▸ **Activity**:
Omit the images and reproduce the rest of the entries exactly.

○ ○ ○ ○

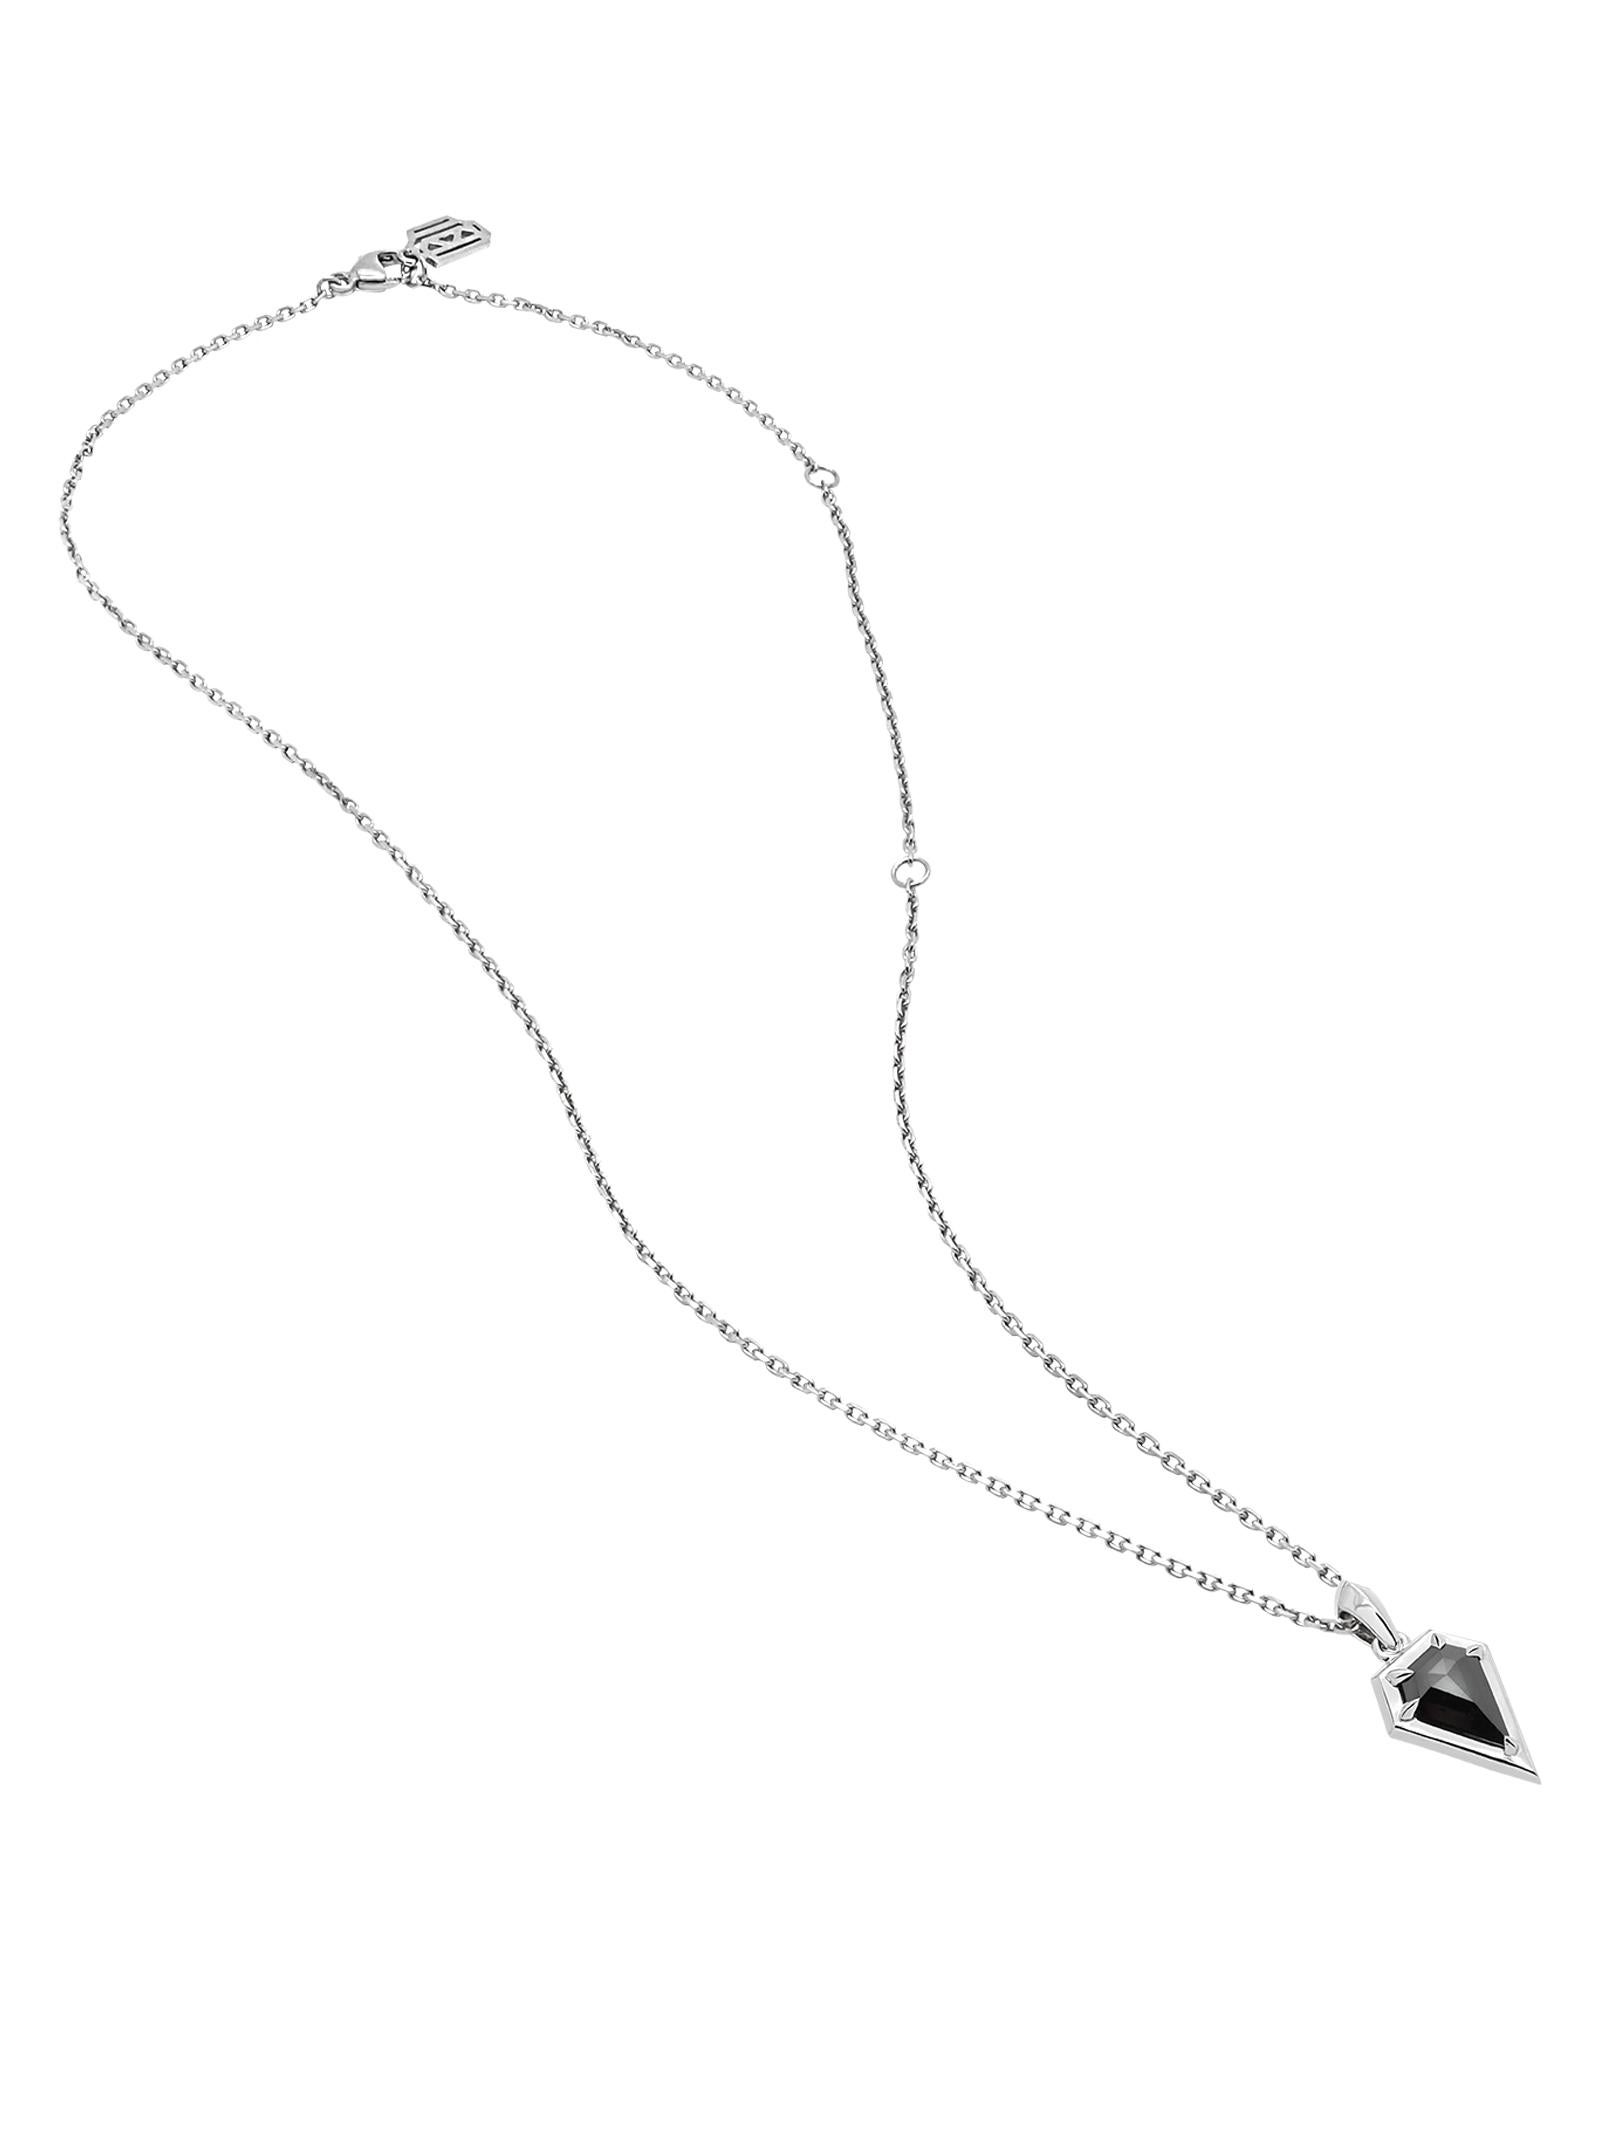 • collier pendentif amulette en or blanc 18 carats
• Diamant naturel noir taillé en bouclier, poids de 1,20 carat
• Longueur du pendentif, 22mm
• Comprend une chaîne câble ajustable en or blanc 18 carats de 1,5 mm, de 12 à 16 pouces, avec des
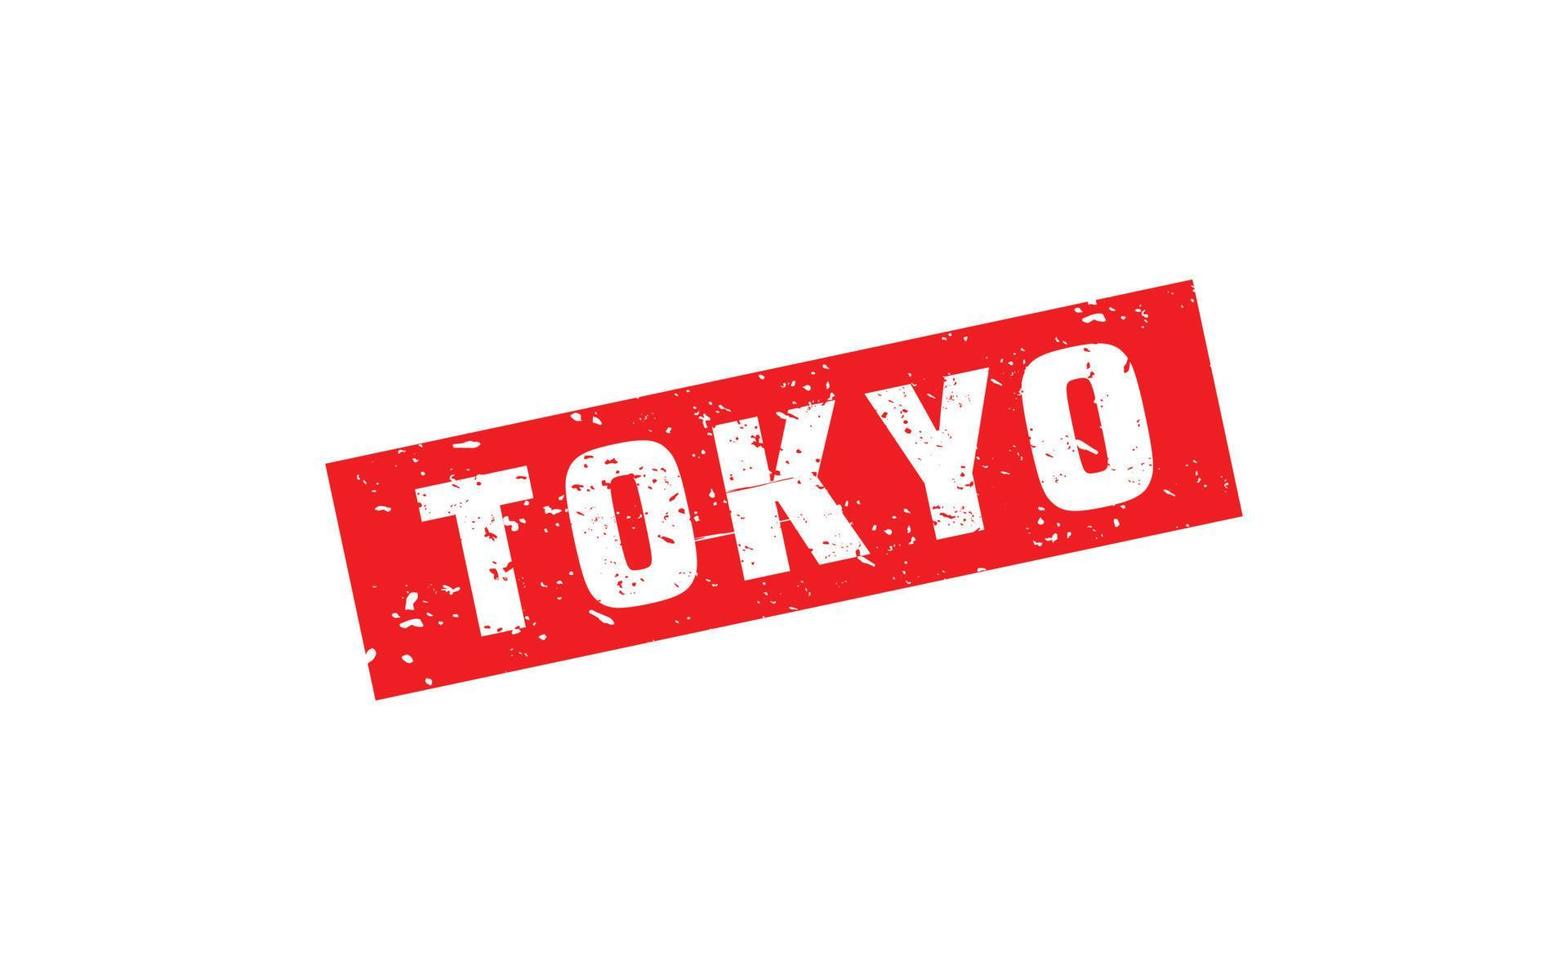 Tokio-Japan-Stempel mit Grunge-Stil auf weißem Hintergrund vektor

○ ○ ○ ○

▸ **Task output**:
 • collier pendentif amulette en or blanc 18 carats
• Diamant naturel noir taillé en bouclier, poids de 1,20 carat
• Longueur du pendentif, 22mm
• Comprend une chaîne câble ajustable en or blanc 18 carats de 1,5 mm, de 12 à 16 pouces, avec des
 Tokio-Japan-Stempel mit Grunge-Stil auf weißem Hintergrund vektor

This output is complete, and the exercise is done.